Four people were wounded as shelling continued Sunday morning in Kherson province. The regional prosecutor’s office wrote on Telegram that two of the four were wounded due to a targeted strike on a high-rise building.
In a Sunday morning update, Ukraine’s General Staff said that over the previous 24 hours, Russia had carried out 27 airstrikes, one missile strike and around 80 attacks from multiple rocket launchers, targeting regions in the north, northeast, east and south of the country.
Counteroffensive
Ukraine’s military reported intense fighting in the industrial east around Bakhmut, Marinka and Lyman in the country’s Donetsk province, where, reportedly, 46 combat clashes took place.
Ukraine’s Eastern Group of Forces spokesperson Serhii Cherevaty told state television that Ukrainian forces are making advances amid a “massive offensive” on the southern and northern flanks of the destroyed city of Bakhmut.

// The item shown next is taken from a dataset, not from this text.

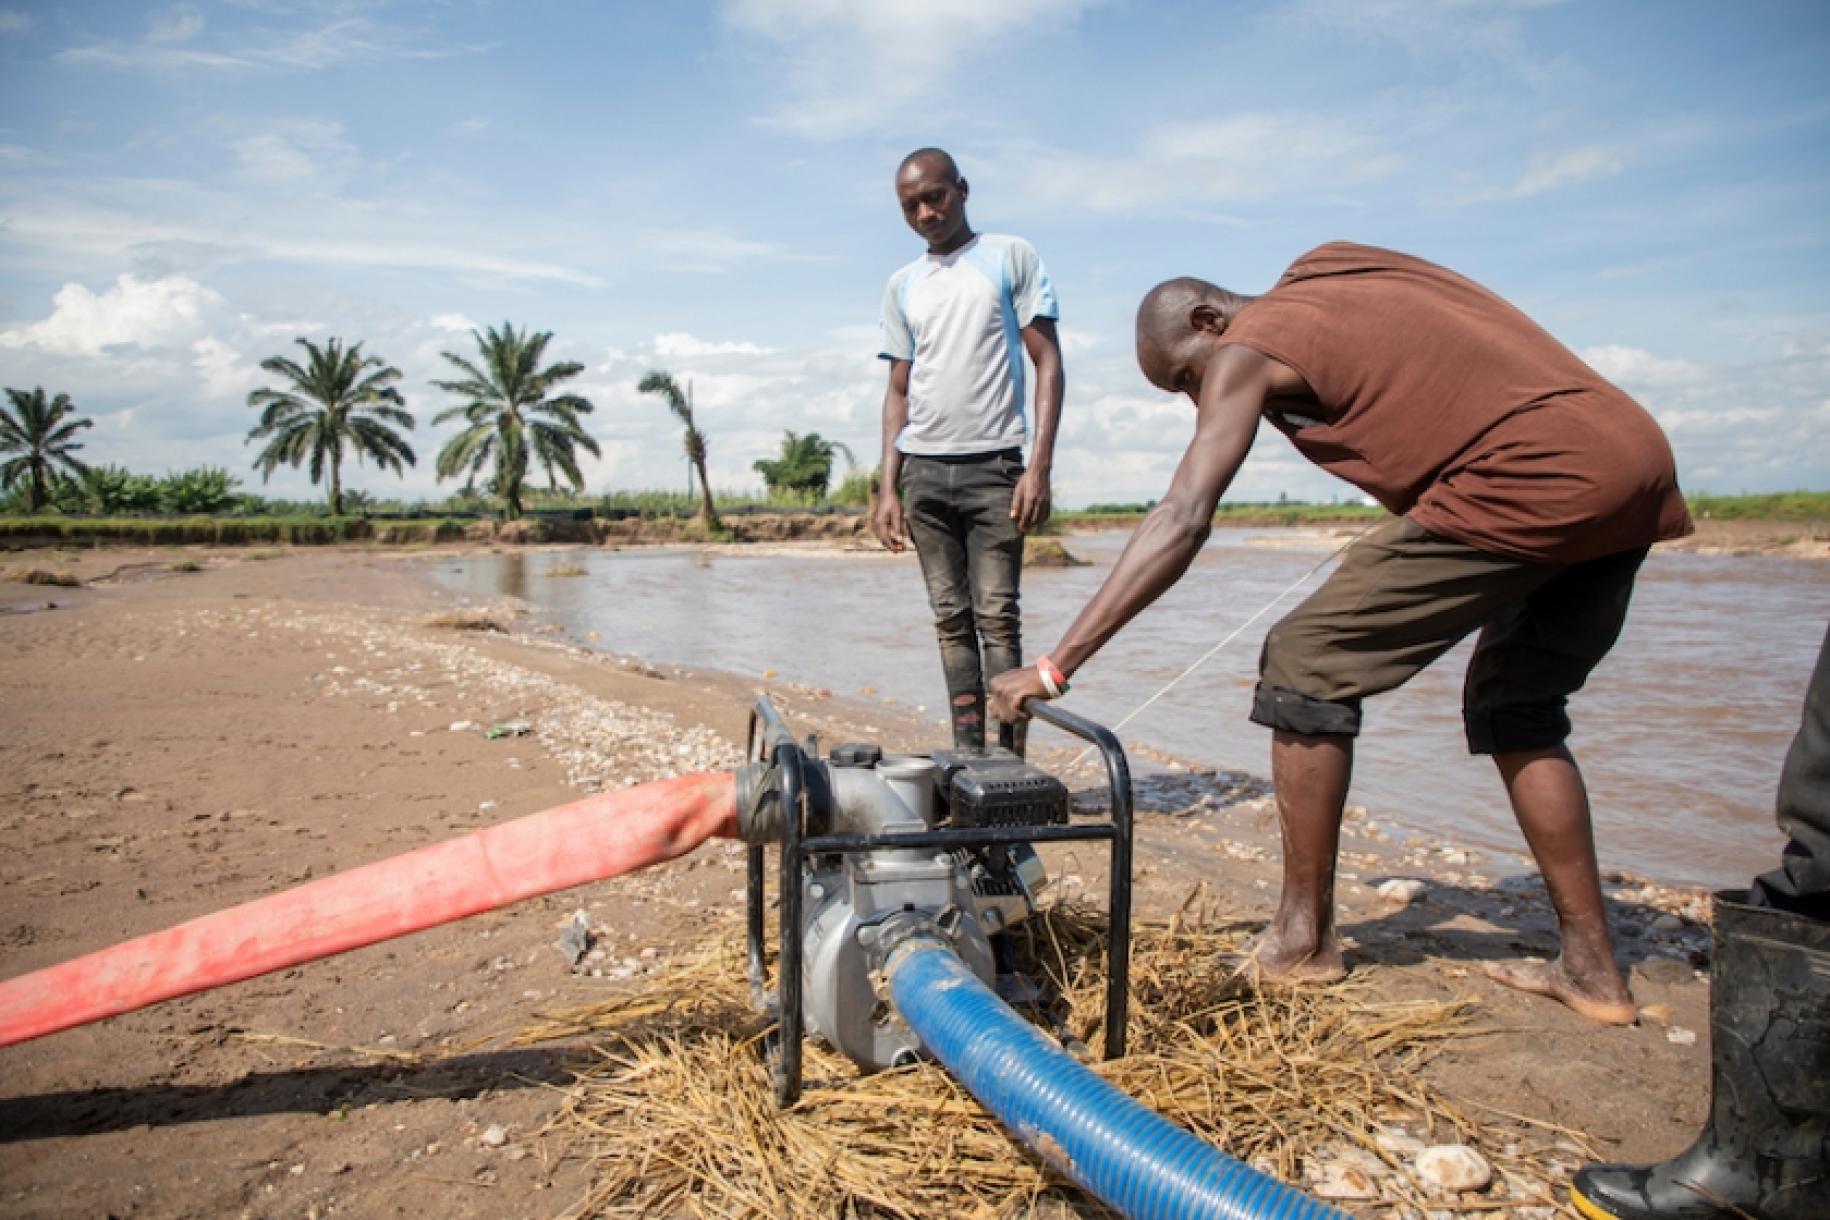 En Burundi, cerca de un estanque bordeado de palmeras, un hombre se inclina sobre el motor de un sistema de recogida de agua para hacerlo funcionar, mientras otro hombre lo observa.
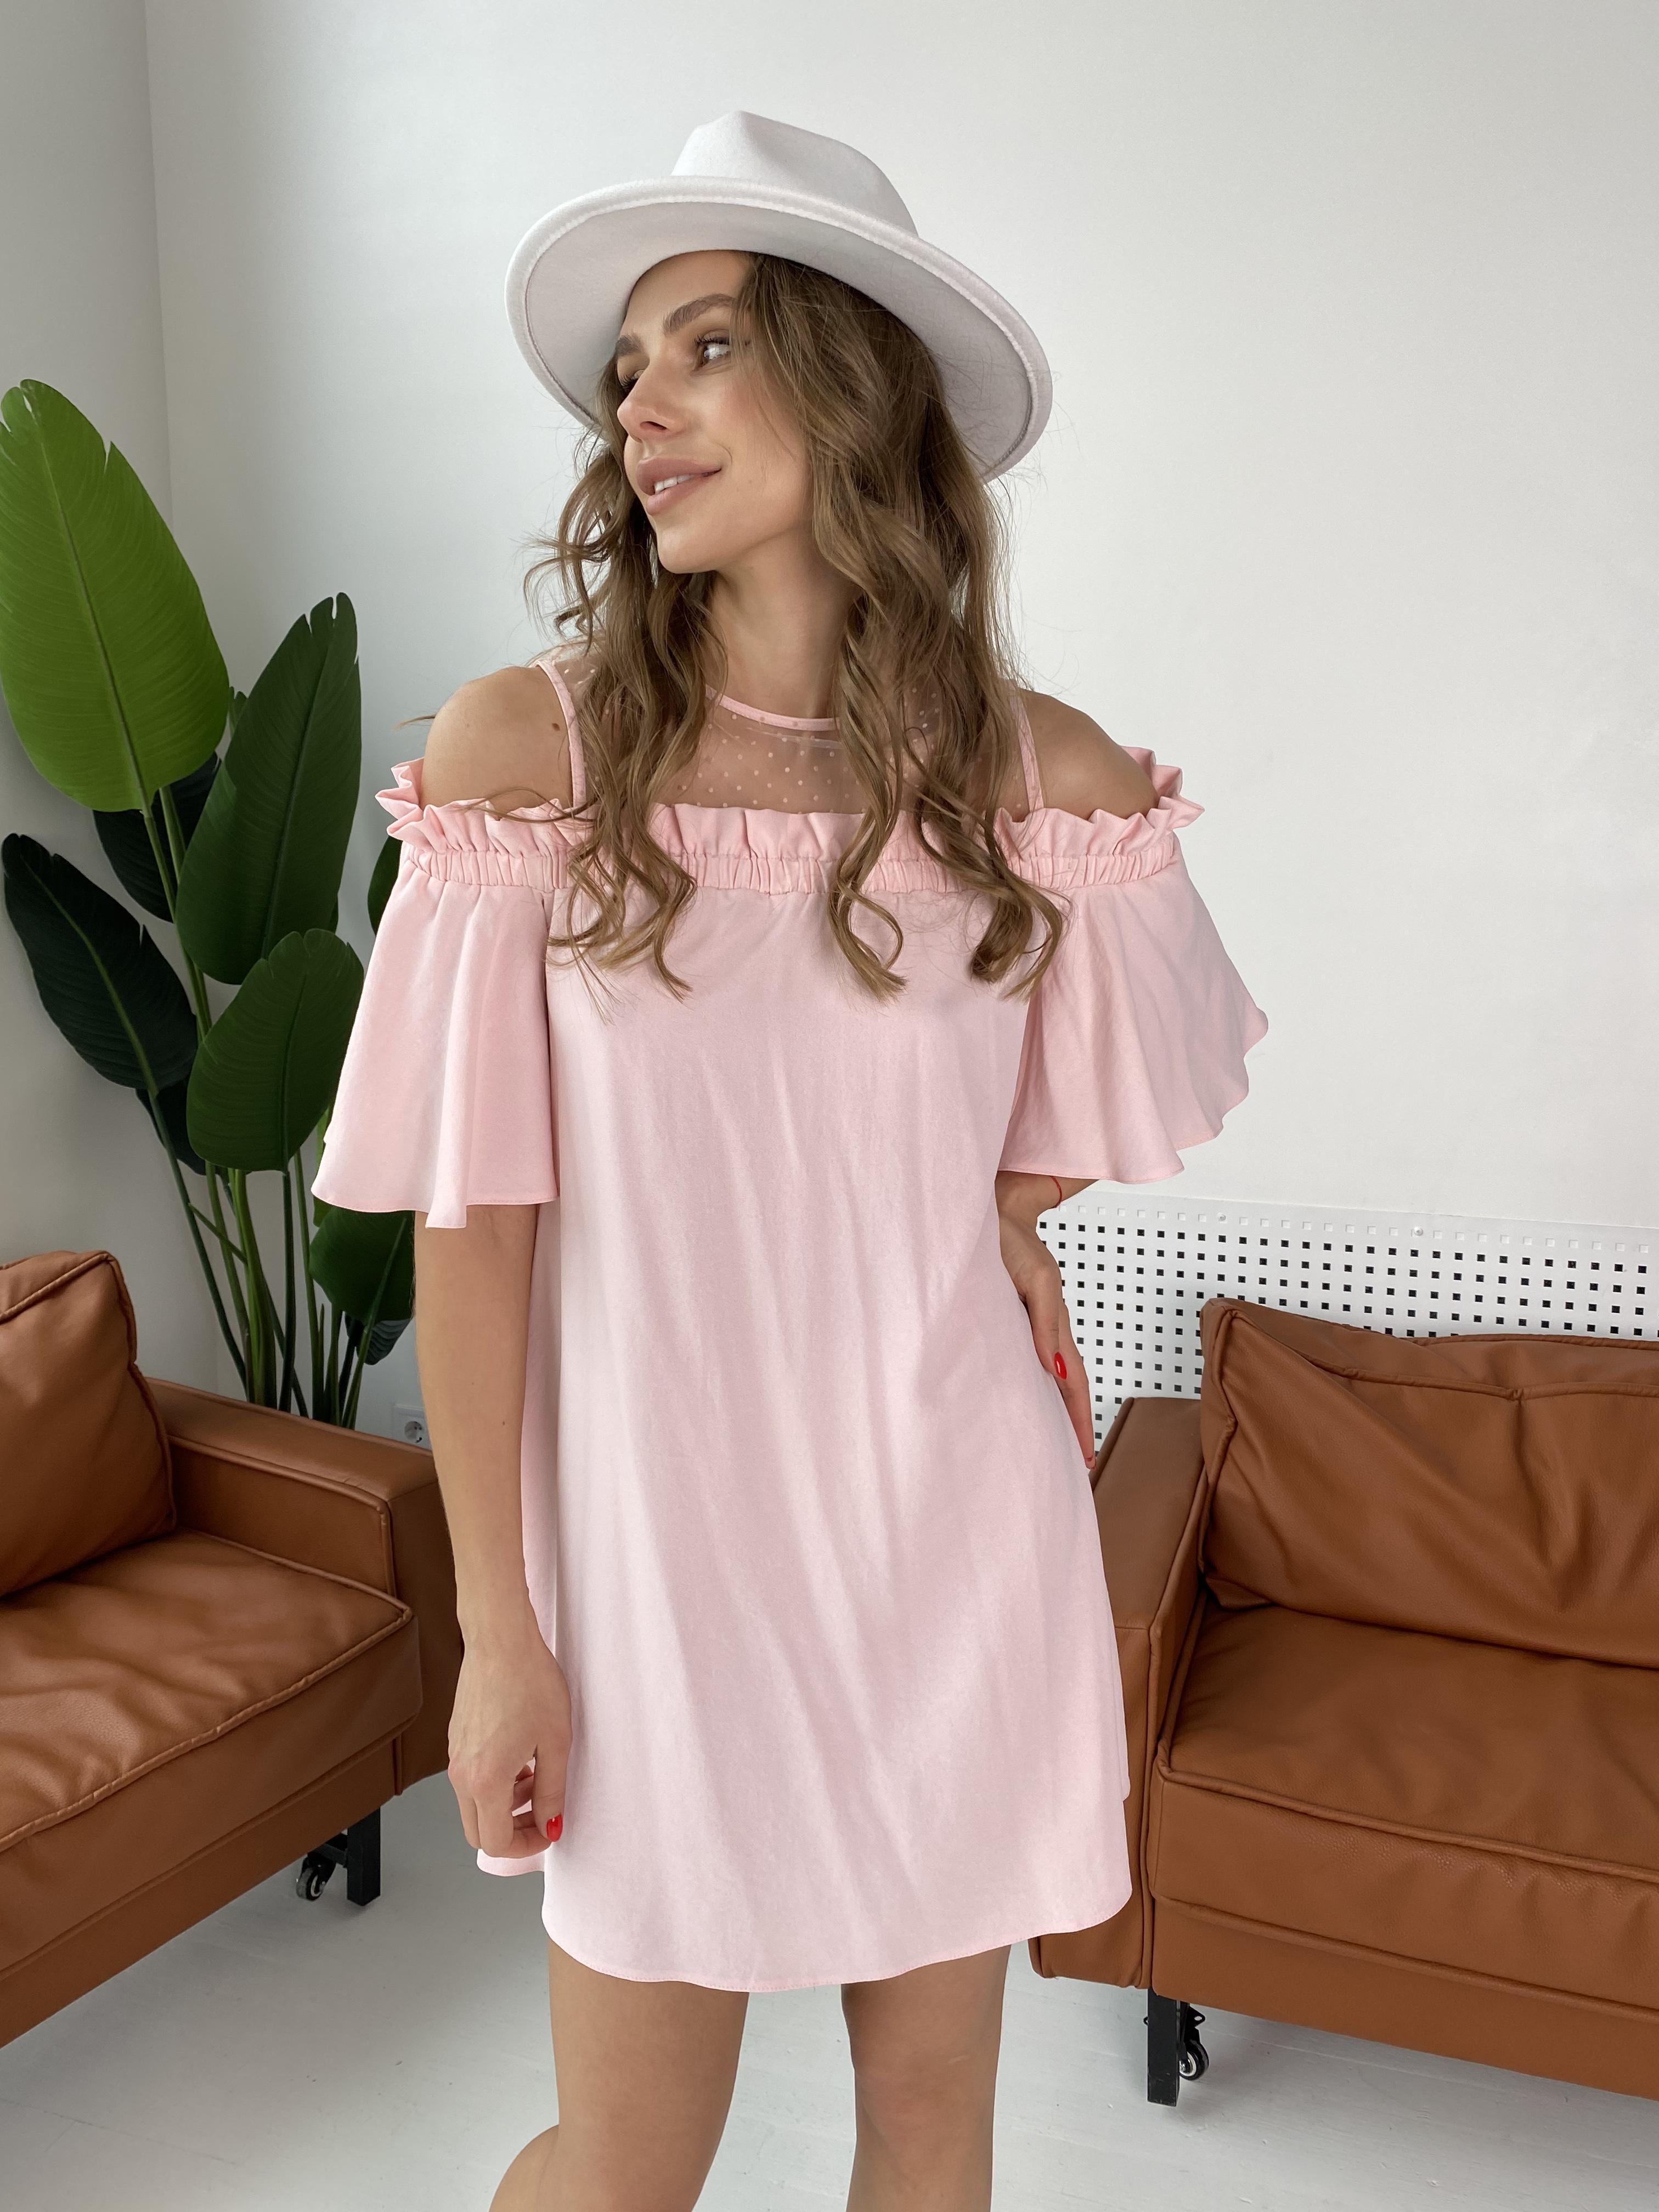 Молена платье 7192 АРТ. 42752 Цвет: Розовый Светлый 8 - фото 6, интернет магазин tm-modus.ru

The spokesman, however, did not mention how much progress they made. The details, he said, would be disclosed once Ukrainian forces had analyzed the situation and consolidated their positions.
Ukrainian President Volodymyr Zelenskyy visited the Black Sea port city of Odesa on Sunday — the day the country honors its navy — to hear a report from the navy commander on prospects for the development of a naval drone and missile program, as well as present awards to service members.
In a tweet, the Ukrainian commander in chief said, “The enemy will definitely not dictate the conditions of the Black Sea and occupiers will have to be as afraid of approaching our Crimea and Azov Sea coasts as Russian ships are already afraid of approaching our Black Sea coast.”
Zelenskyy thanked “every warrior of the Ukrainian navy” for their sacrifices.
Ukraine – US support
Former U.S. Vice President and 2024 presidential candidate Mike Pence acknowledged in an interview with CNN Sunday, that “there’s debate, both in my party and around the country, about American involvement [in Ukraine], but I really believe that the majority of the American people understand that we are the leader of the free world and standing for freedom and supporting those that are fighting for their freedom is always the American cause.”
Pence’s comments came after his surprise visit to Kyiv last week.
Zelenskyy hailed Pence’s visit in a news conference with Spanish media in Kyiv but expressed concern about losing bipartisan support from the United States.
“There are messages coming from some Republicans, sometimes dangerous messages, that there may be less support,” he said.
Zelenskyy said that regardless of who wins the next U.S. presidential election, maintaining bipartisan support is “the most important thing for Ukraine.”
Pence reiterated his unequivocal support for Ukraine in an interview with CBS’s “Face the Nation” TV show. However, he made it clear that Ukraine will not join NATO before the war is over, saying he believes Zelenskyy “would be open to a conditional invitation” to join the alliance once “the war is won.” Pence added that Zelenskyy “made it clear” he’s not looking for U.S. forces to fight in Ukraine.
Some information for this story came from The Associated Press, Agence France-Presse and Reuters.